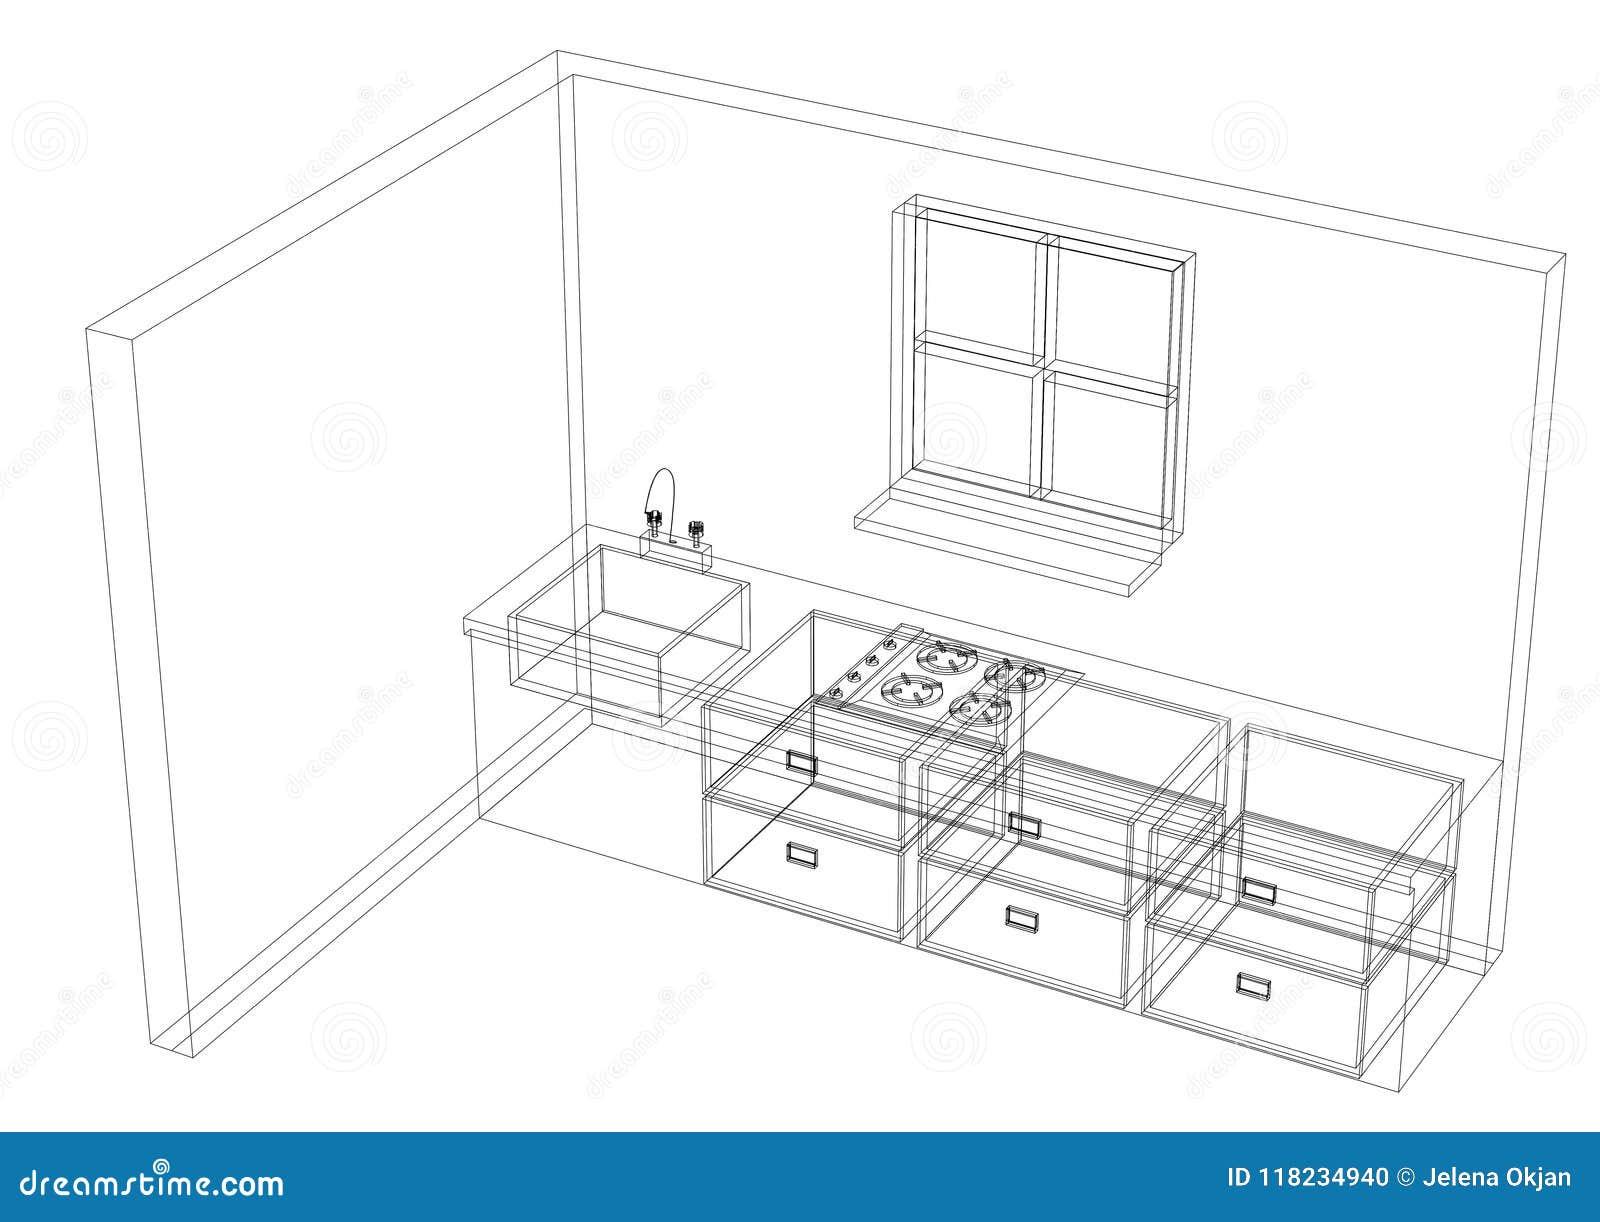 kitchen plan architect blueprint isolated stock illustration
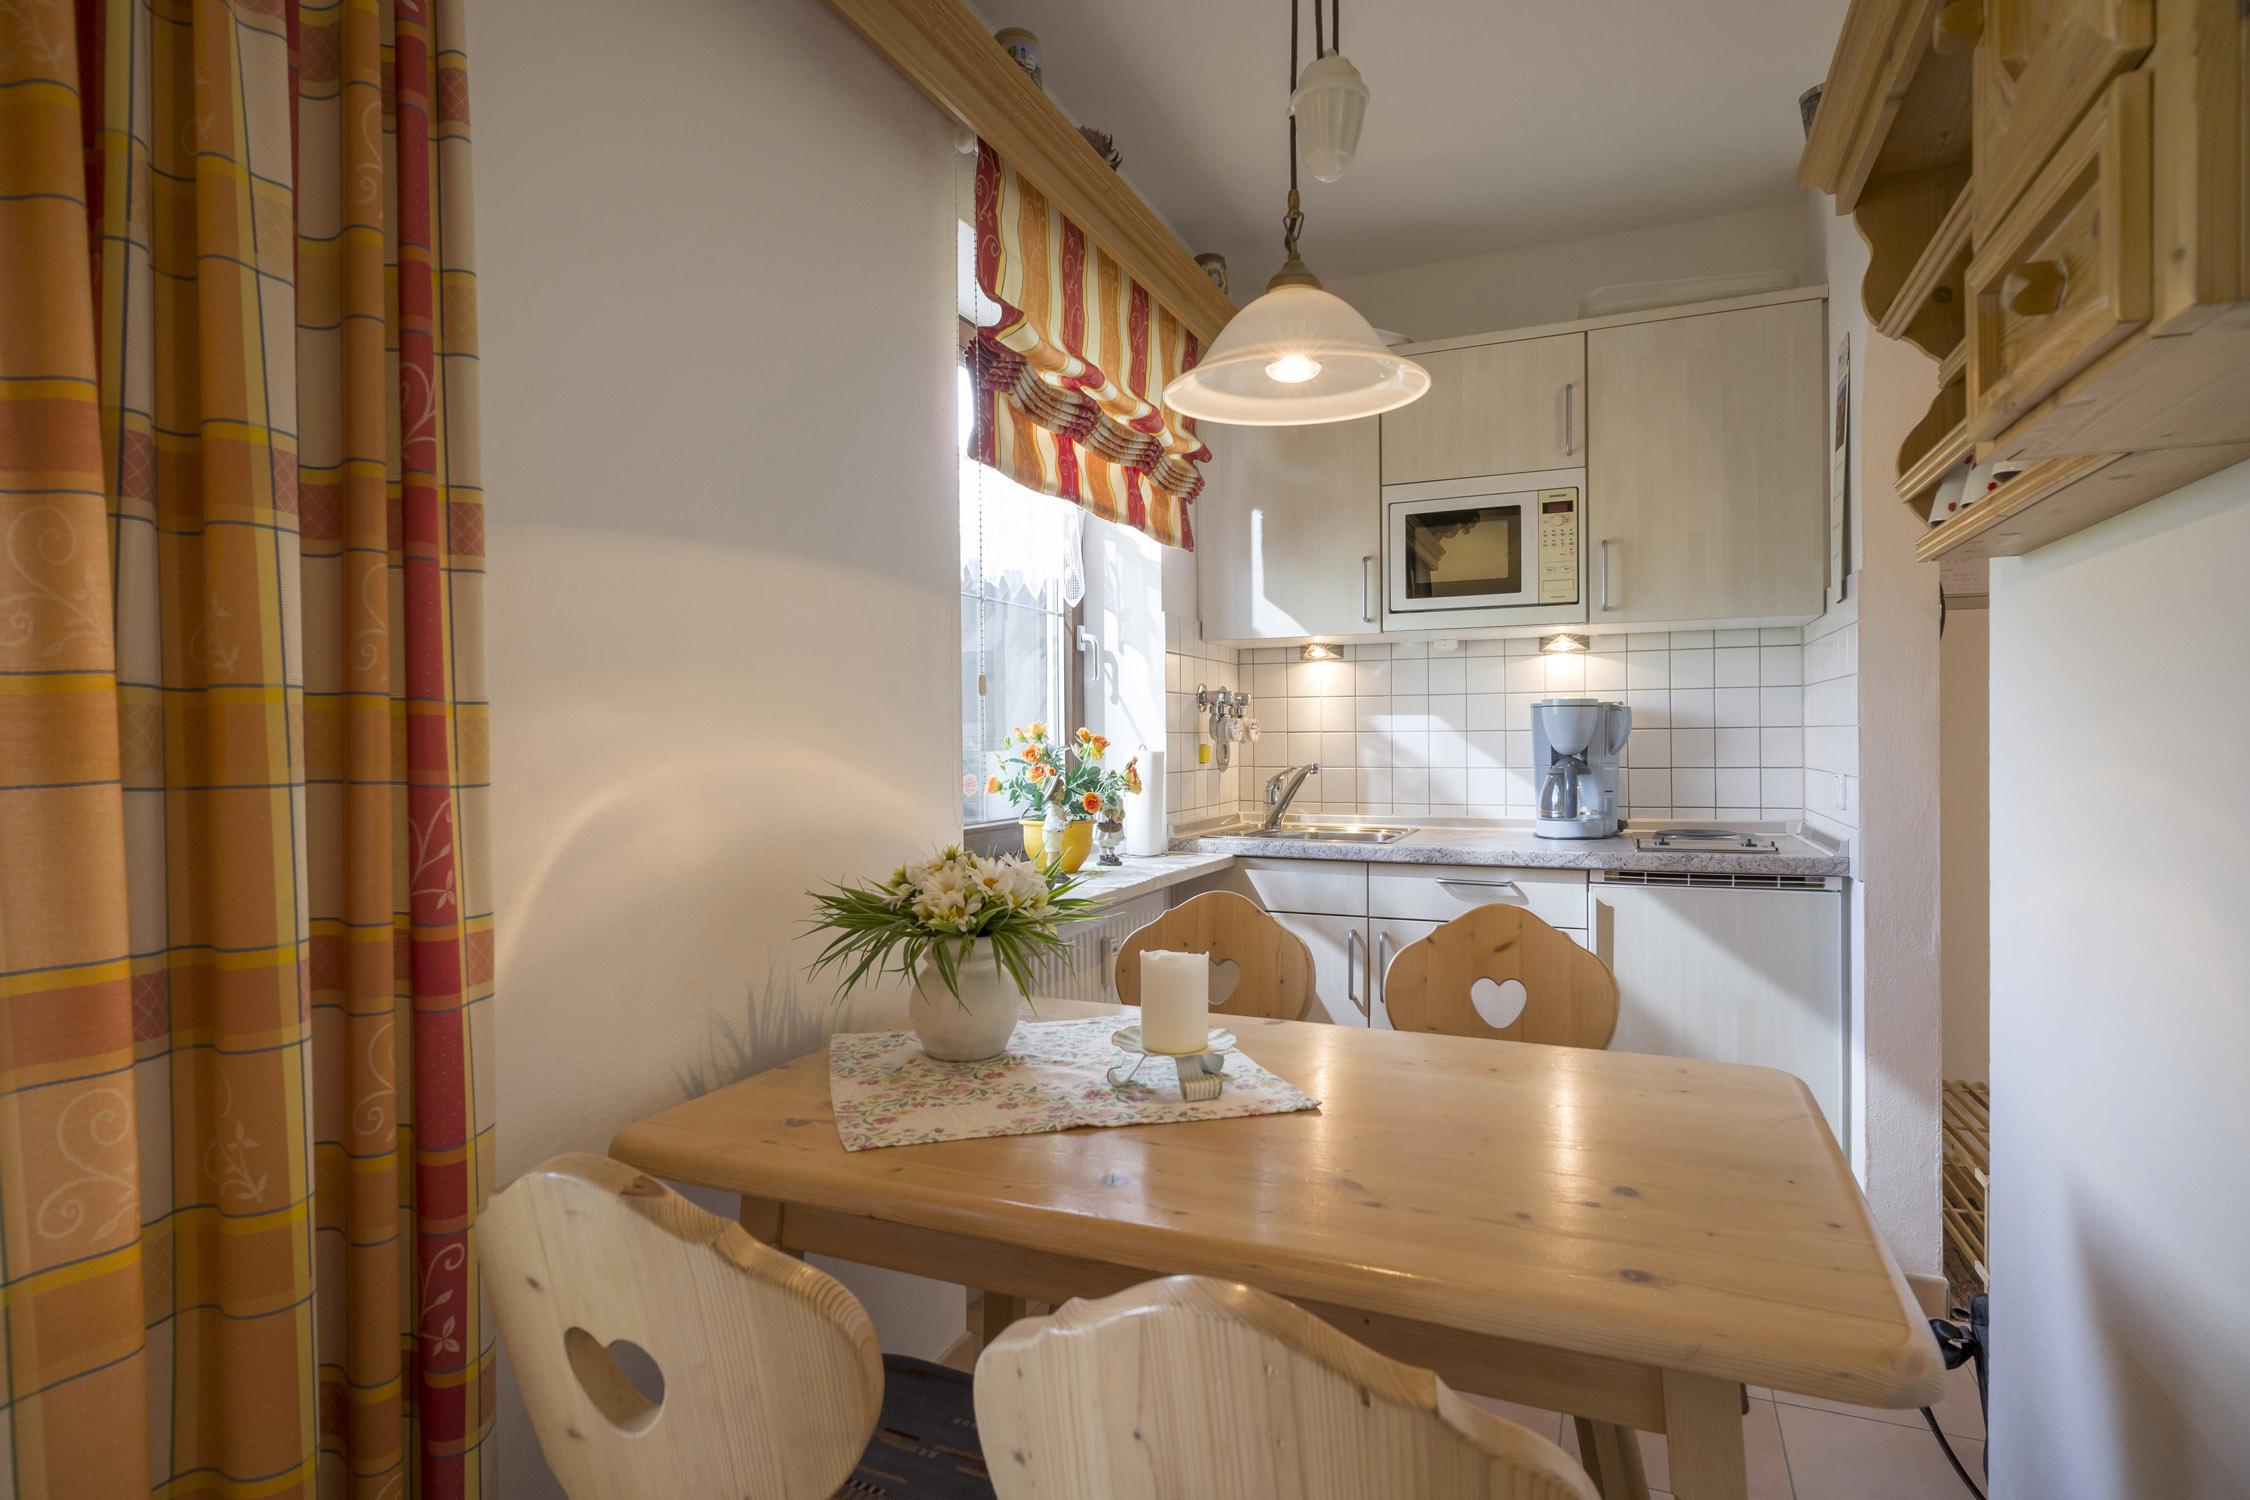 Ferienwohnung Dannapfel im Bergschlößl (DE Oberaudorf). 2-Zimmer Ferienwohnung (710001), Oberaudorf, Chiemgau, Bayern, Deutschland, Bild 5
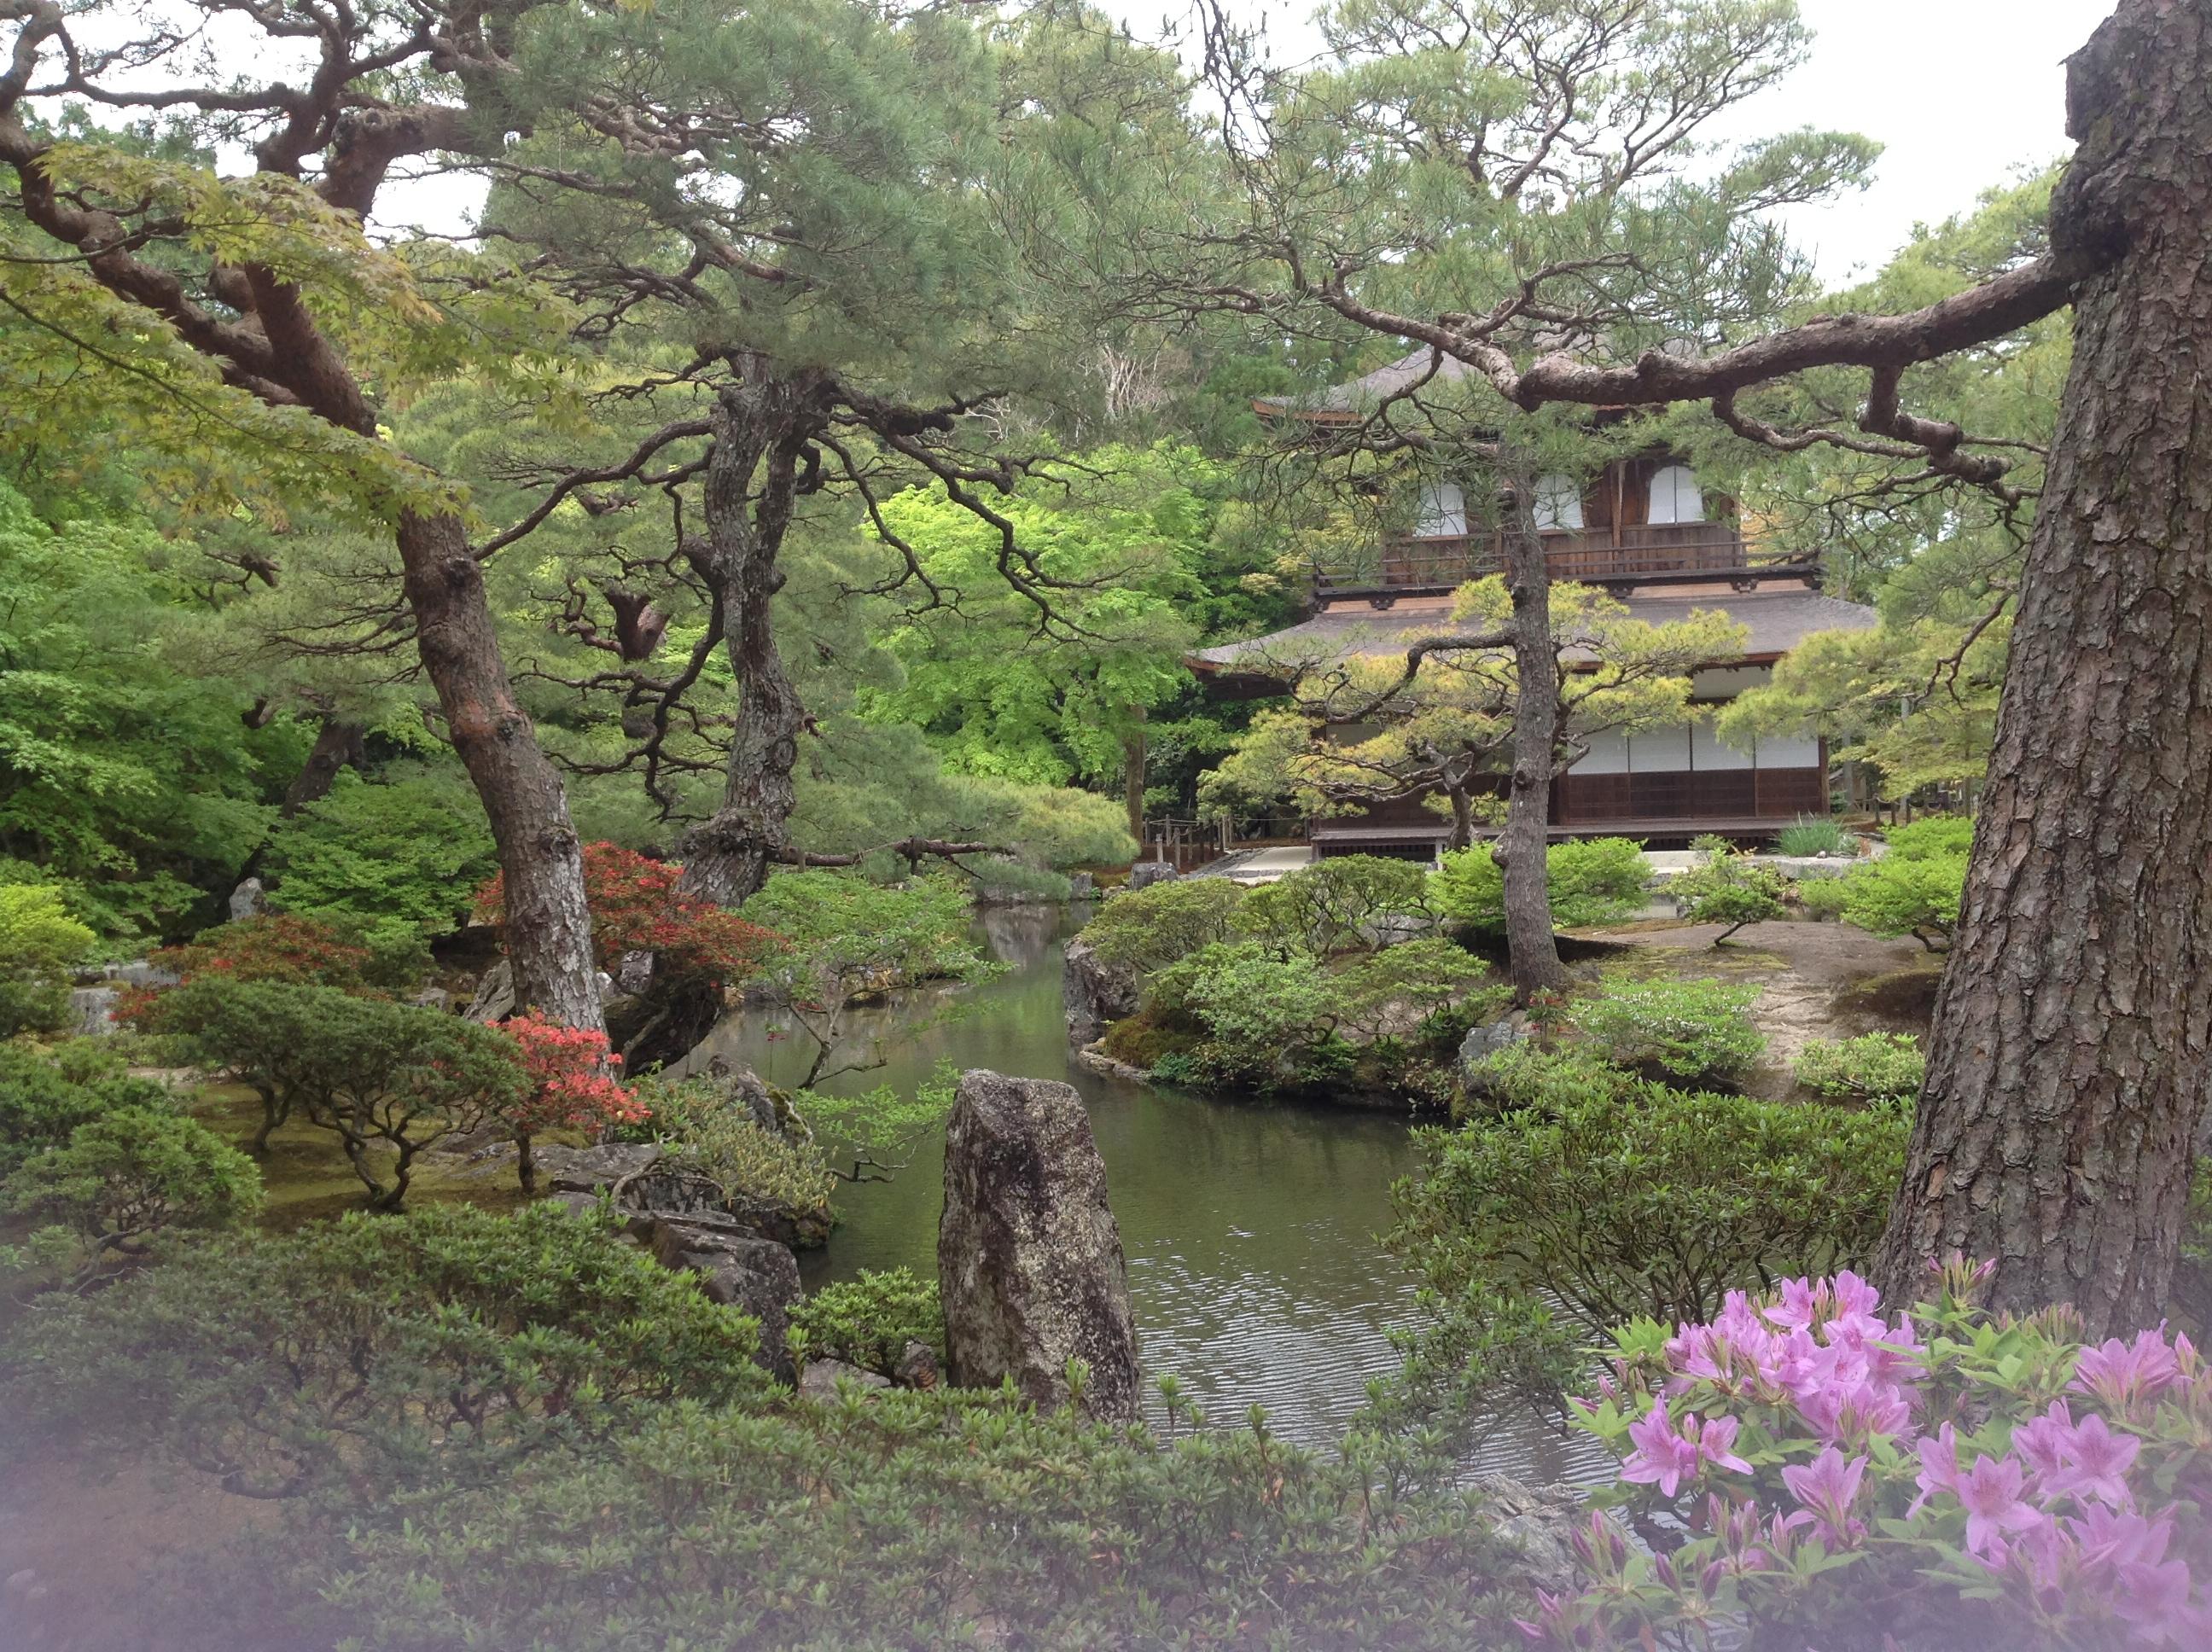 Pedacinho lindo, lindo dos jardins do Templo Ginkokuji, em Kyoto

○ ○ ○ ○ ○ ○ ○

• **WHAT TO PRODUCE**
Pictures in the listing above must be skipped; everything else should be copied exactly.

• **TASK RESULT**
 kitchen plan architect blueprint isolated stock illustration
 Ferienwohnung Dannapfel im Bergschlößl (DE Oberaudorf). 2-Zimmer Ferienwohnung (710001), Oberaudorf, Chiemgau, Bayern, Deutschland, Bild 5
 Pedacinho lindo, lindo dos jardins do Templo Ginkokuji, em Kyoto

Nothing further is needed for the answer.